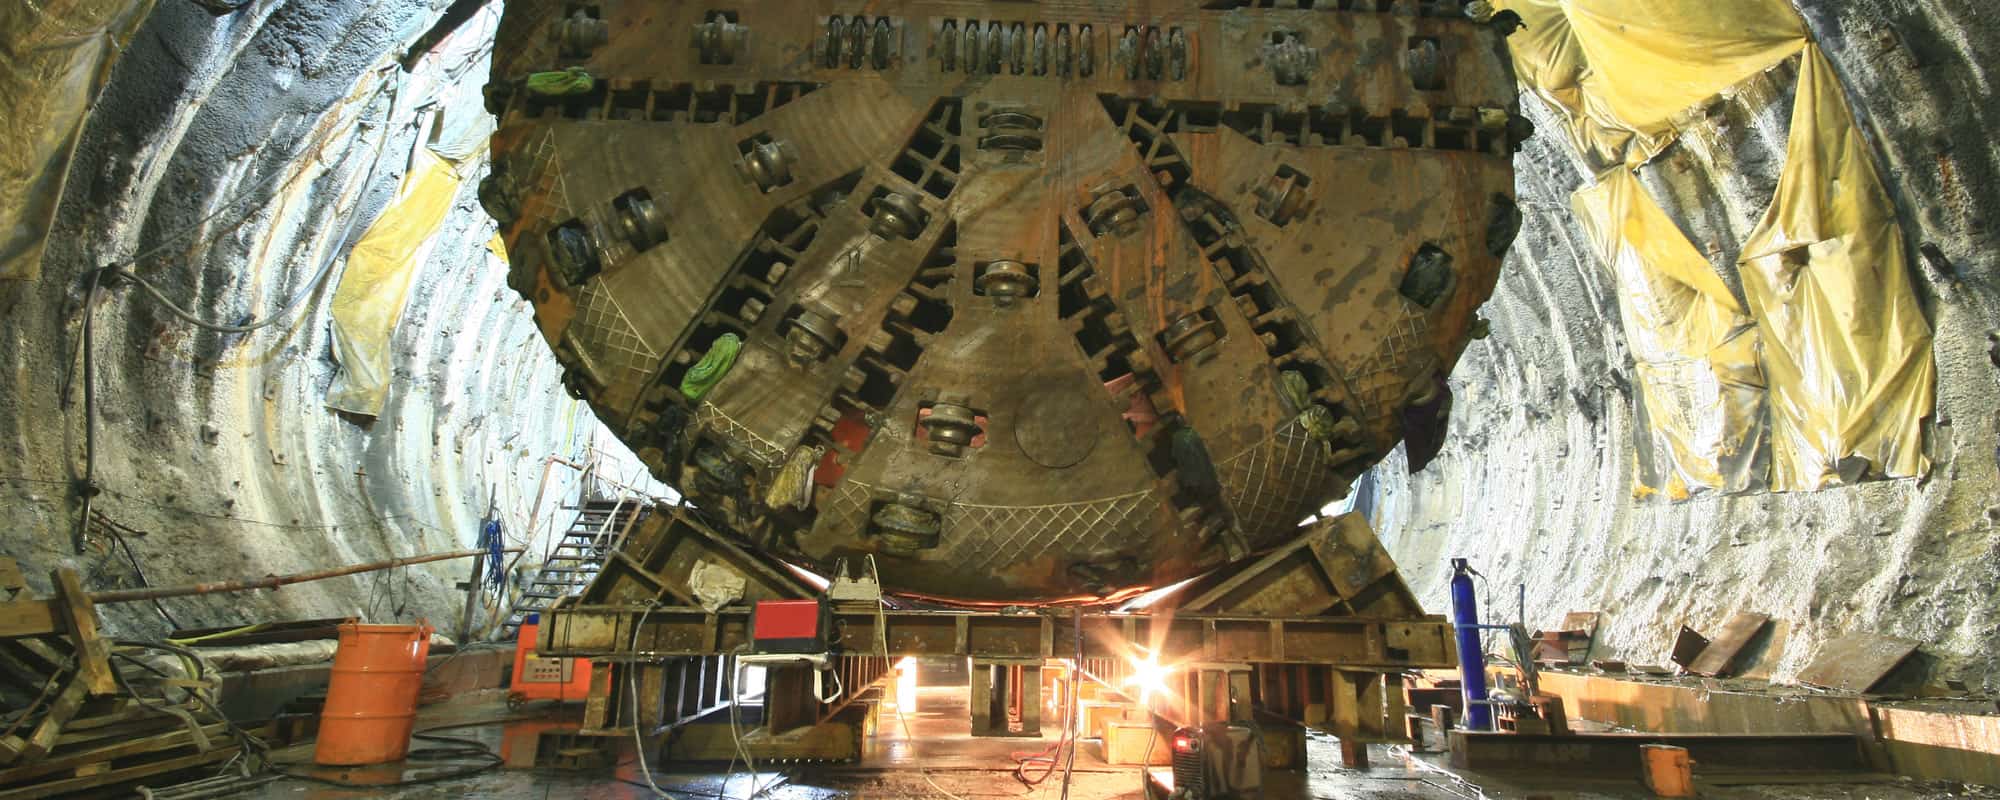 Building the World’s Longest Railway Tunnel
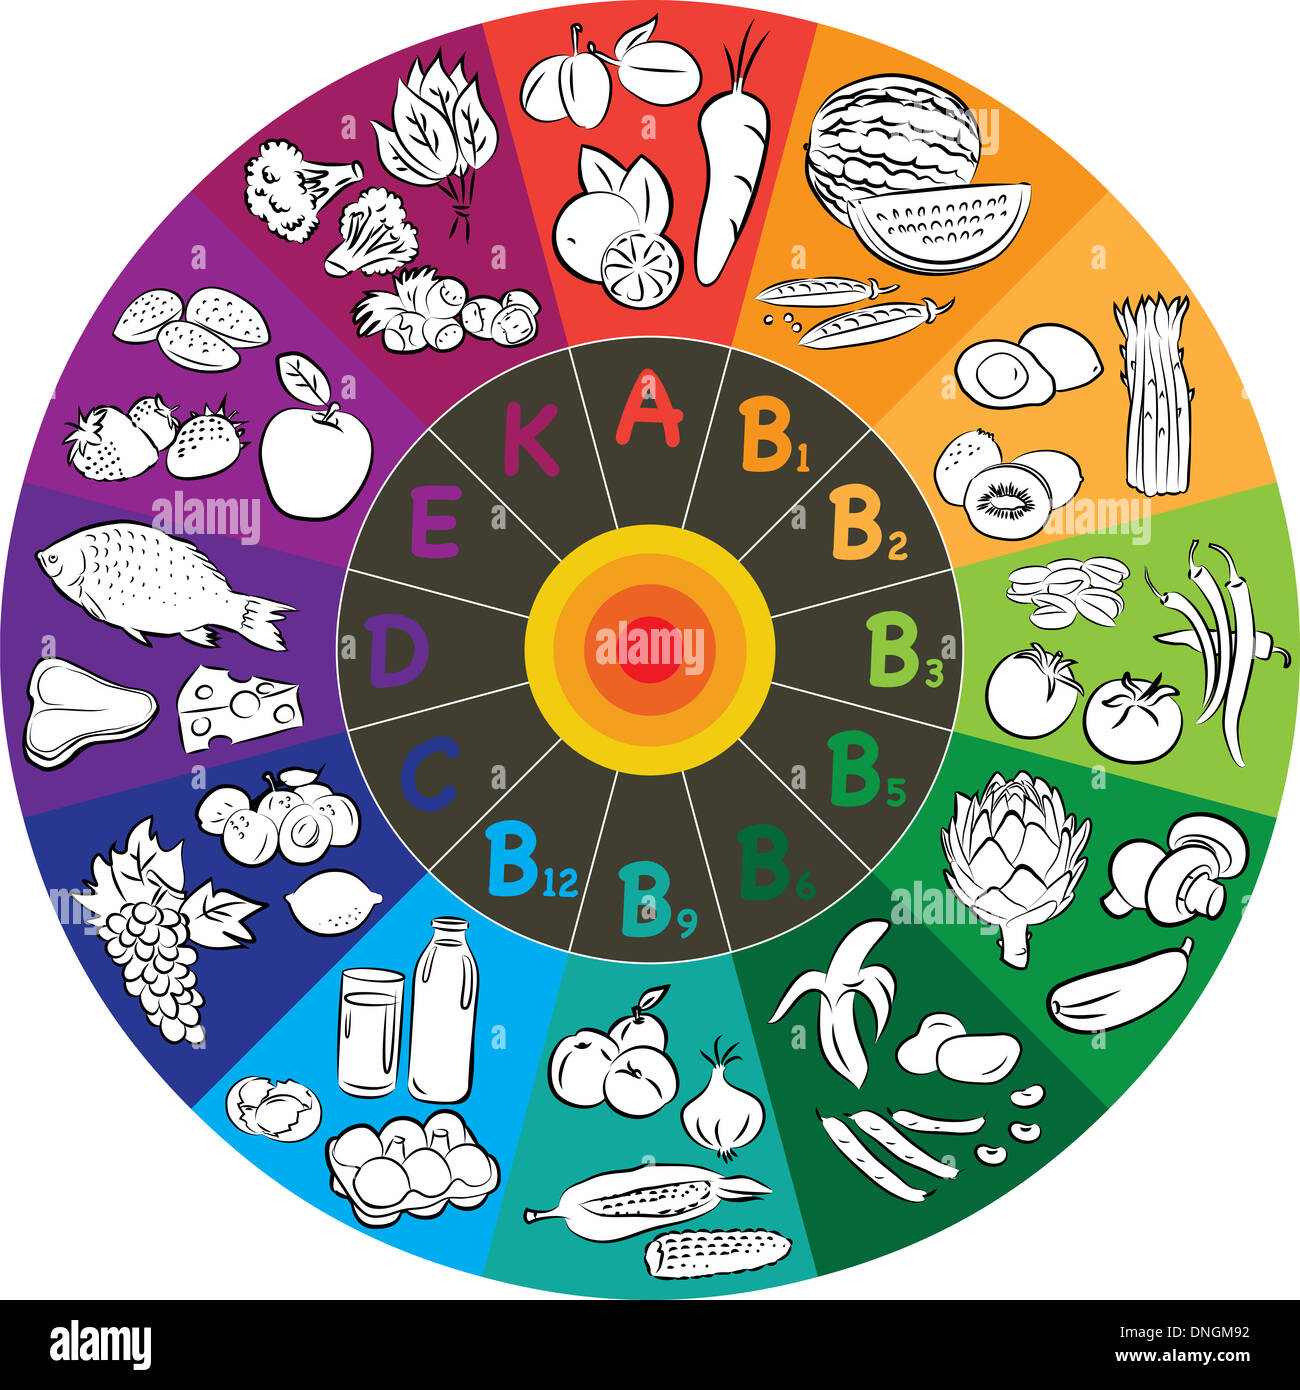 https://c8.alamy.com/comp/DNGM92/illustration-of-vitamin-groups-in-colored-wheel-DNGM92.jpg
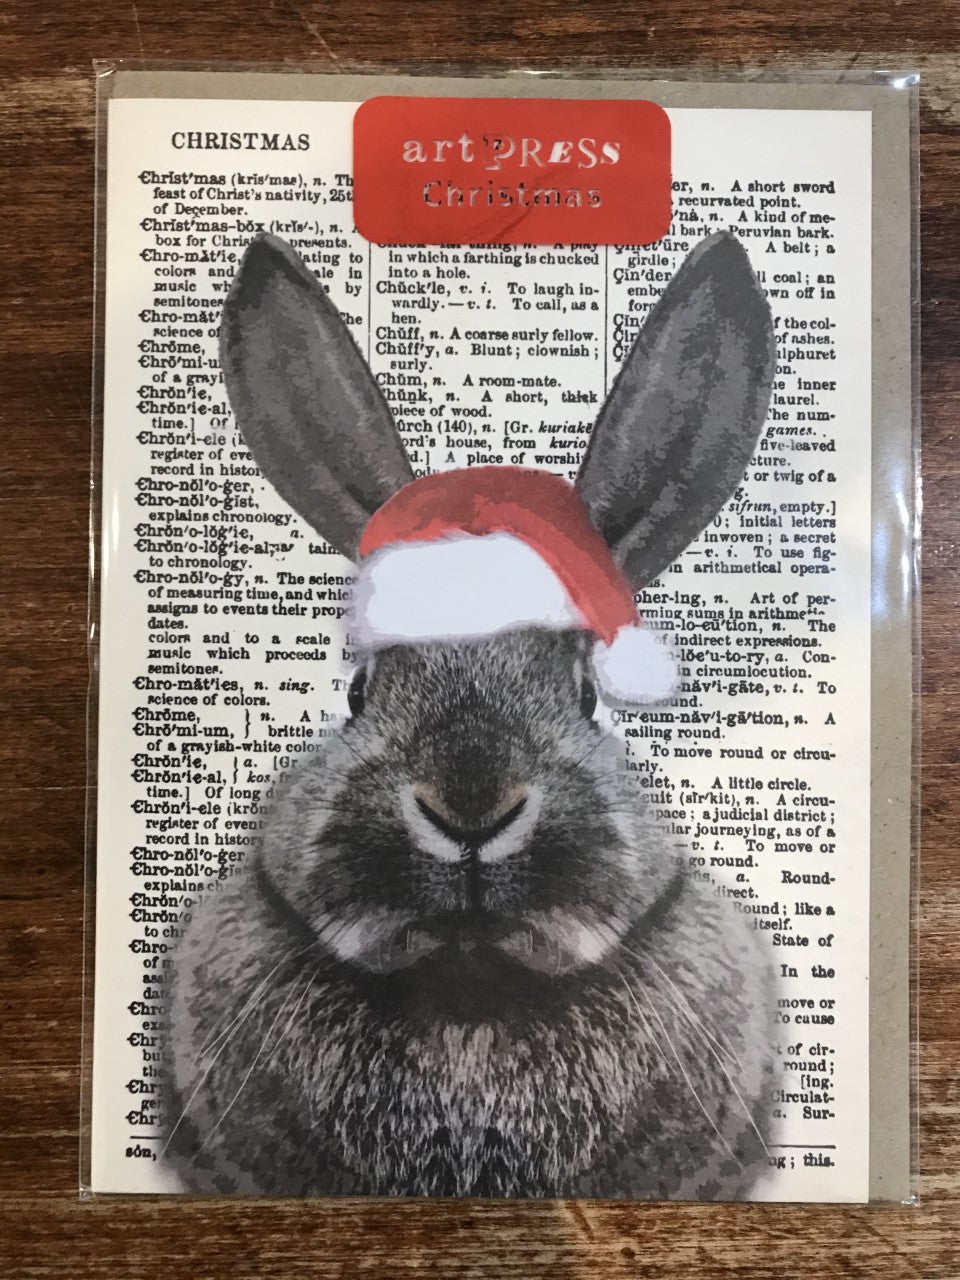 Art Press Christmas Card-Santa's Little Hopper

**Task objective:** Each line of the listing is to be retyped exactly, and its pictures are to be dropped.

**Exercise output:**
 Building the World’s Longest Railway Tunnel
 https://c8.alamy.com/comp/DNGM92/illustration-of-vitamin-groups-in-colored-wheel-DNGM92.jpg
 Art Press Christmas Card-Santa's Little Hopper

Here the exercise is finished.